To grasp the general tendency, using all the collected pre-editing instances (see Table 3), we first calculated the correlation coefficients (Pearson’s $r$ and Spearman’s $\rho$ ) between the amount of edits (the TER and the number of edits) in the ST and in the MT. More formally, let $\mathtt{ST^{\prime}}$ be the pre-edited versions of $\mathtt{ST}$ . For TER, the correlation is between $\mathtt{TER(ST,ST^{\prime})}$ and $\mathtt{TER(MT(ST),MT(ST^{\prime}))}$ . For the number of edits, the correlation is between $\mathtt{EditCount(ST,ST^{\prime})}$ and $\mathtt{EditCount(MT(ST),MT(ST^{\prime}))}$ .

As shown in Table 6, most coefficients are in the range of 0.15–0.25, suggesting a very weak correlation. This means that the change in NMT output is hardly predictable based on the amount of edits in the ST. For example, the replacement of a single particle in the ST sometimes caused drastic changes of lexical choices in the MT output.

The Japanese-to-Korean translation is an exception; in particular, the correlation coefficients of the TER for the Google NMT system, i.e., 0.580 for Pearson’s $r$ and 0.574 for Spearman’s $\rho$ , indicate a moderate positive relationship between the changes in the ST and those in the MT. This is partly attributable to the fact that the syntactic structures of Japanese and Korean, including the word order and usage of particles, are substantially close.
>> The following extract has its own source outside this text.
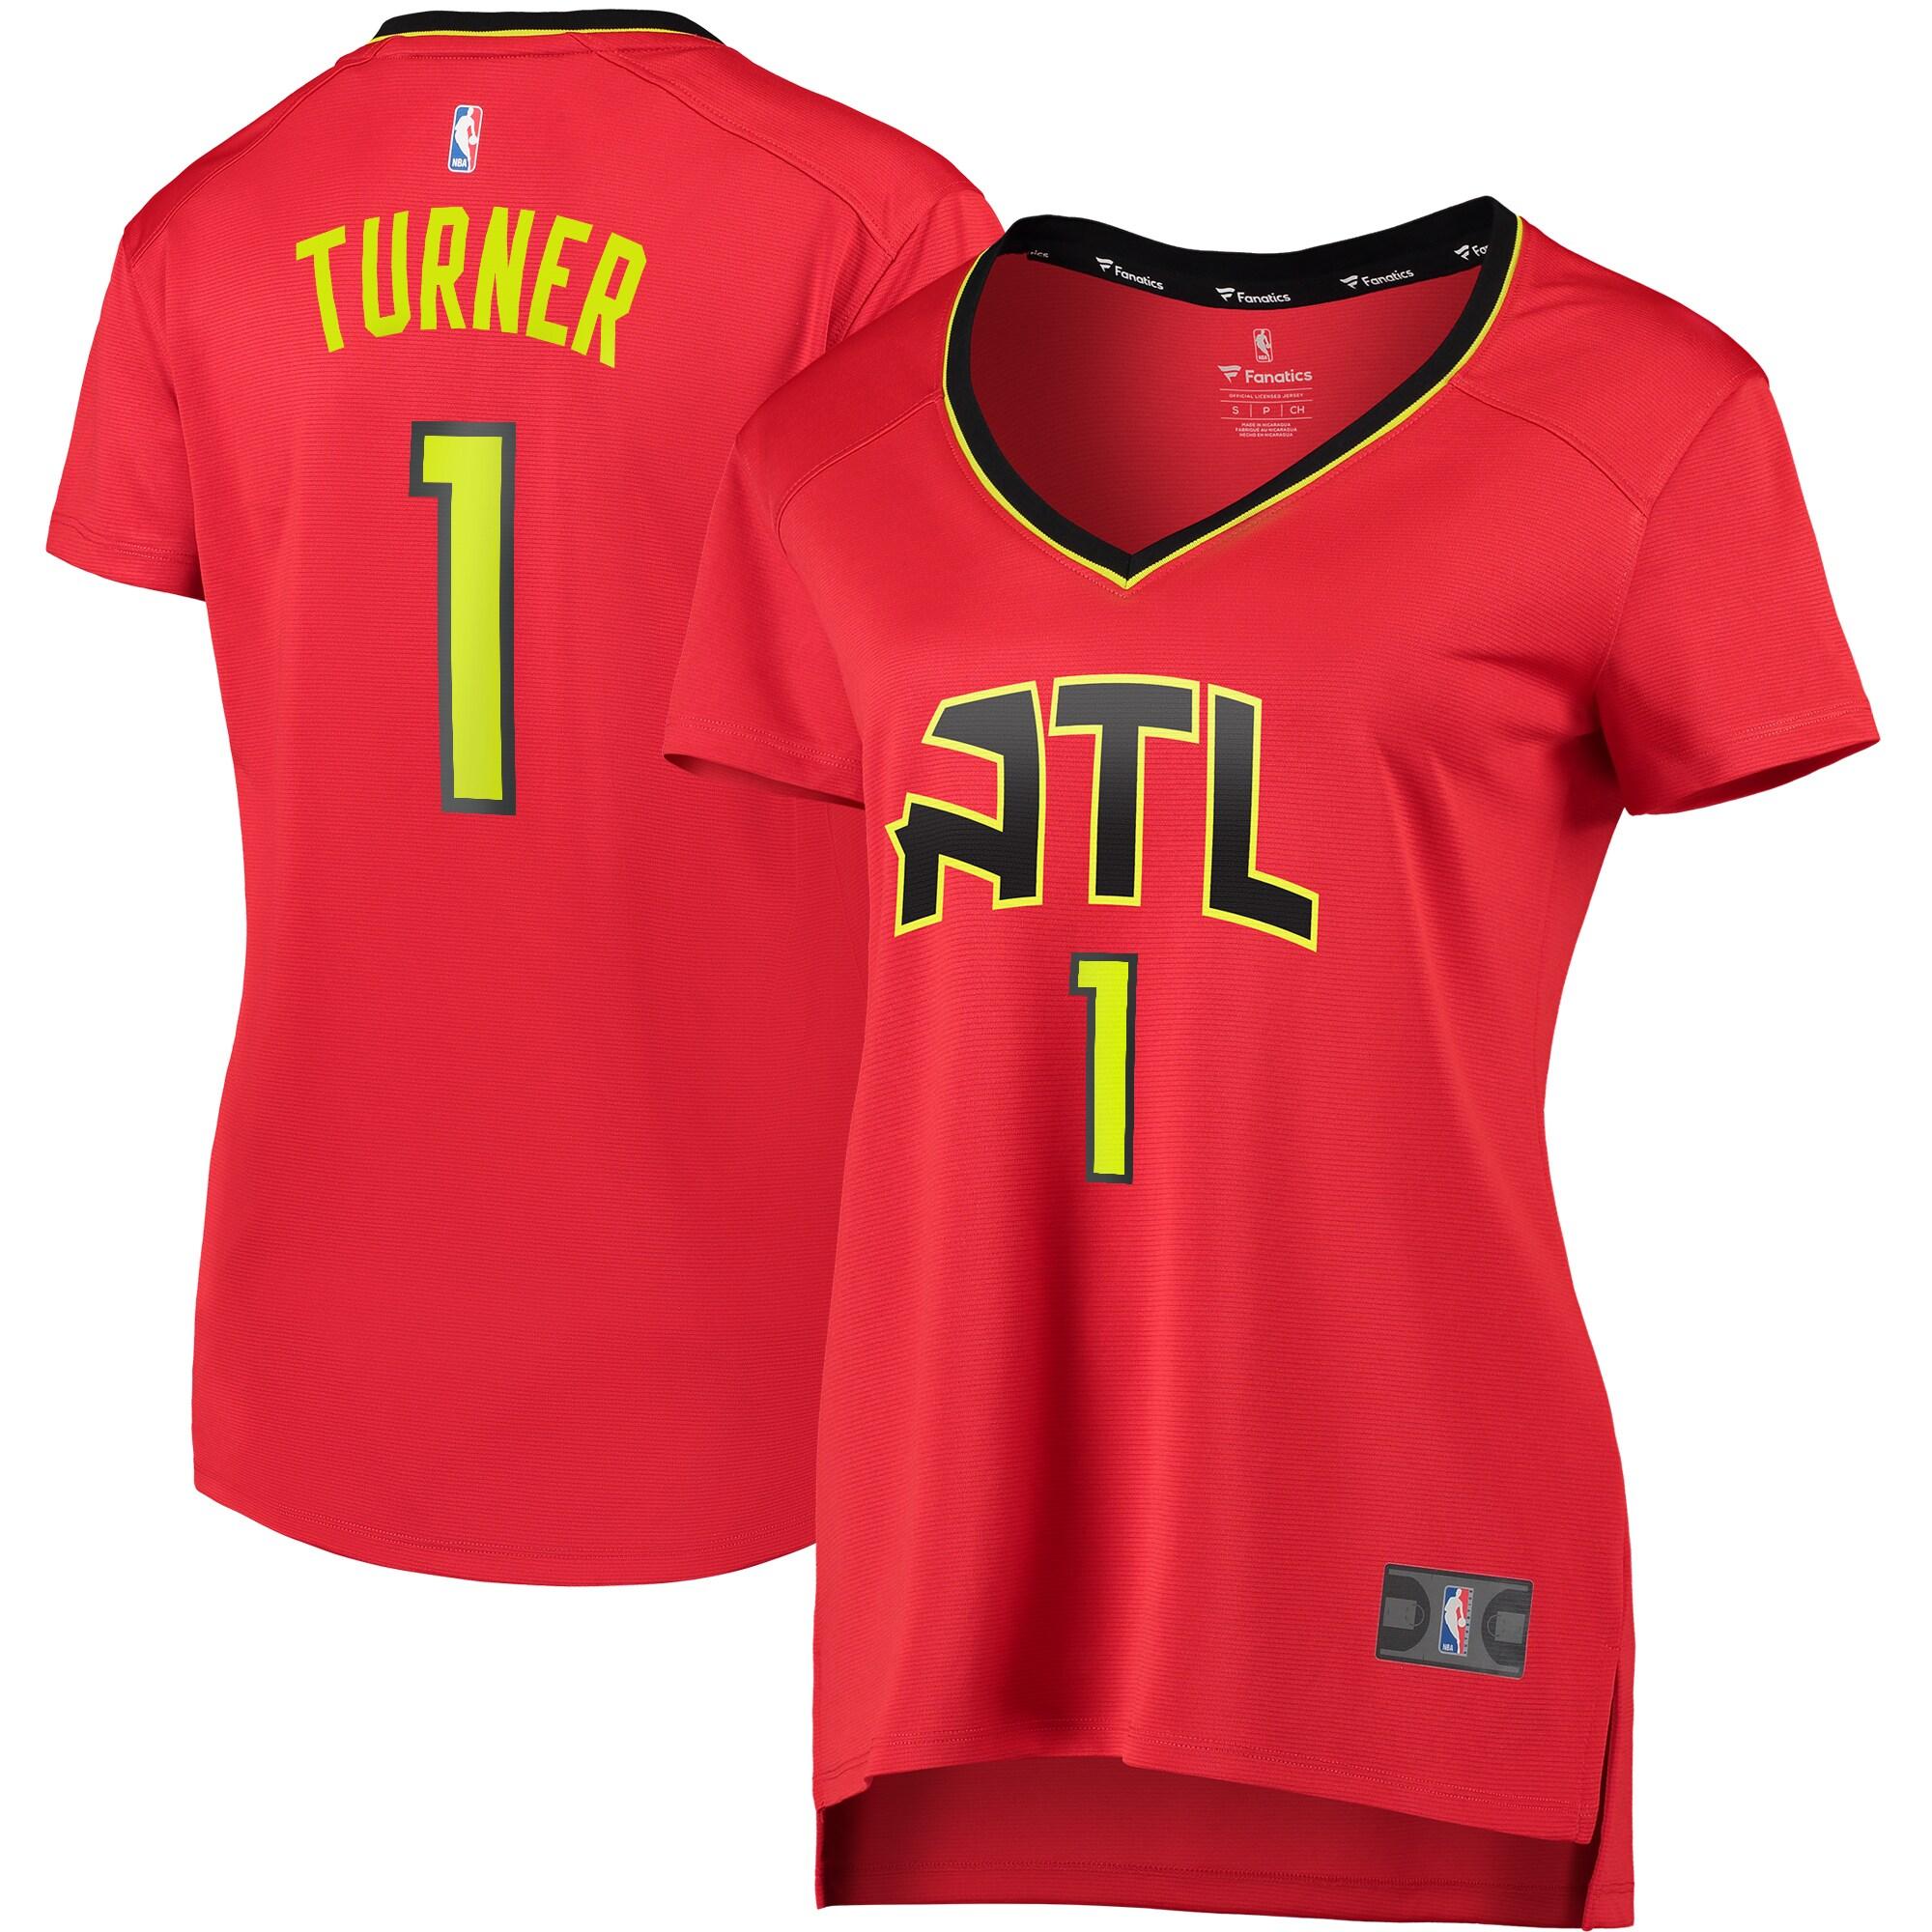 Evan Turner Atlanta Hawks Fanatics Branded Women's Fast Break Replica Jersey Red - Statement Edition

Thus, it is relatively easy to build sufficiently accurate MT systems.

6.2 Impact of Editing Operations on NMT

Finally, using the pre-editing instances in the Best path analysed in §5, we further investigated to what extent each type of minimum editing operation affects the MT output. At this stage, we focused on the 28 editing types that have at least 10 instances, considering that it is difficult to derive reliable insights from fewer data.

Figure 3 presents the distribution of the degree of changes in the MT output when an ST is pre-edited, measured by $\mathtt{TER(MT(ST),MT(ST^{\prime}))}$ . Most of the structural edits (S01–S04) resulted in sizeable changes in the MT. This is reasonable since structural modifications in the ST tended to cause major changes in the MT as well, leading to high TER. In contrast, many of the editing types that include local modifications of functional words and orthographic notations (F01–F03, F05, F06, O01, O02) did not have major impacts on the MT results.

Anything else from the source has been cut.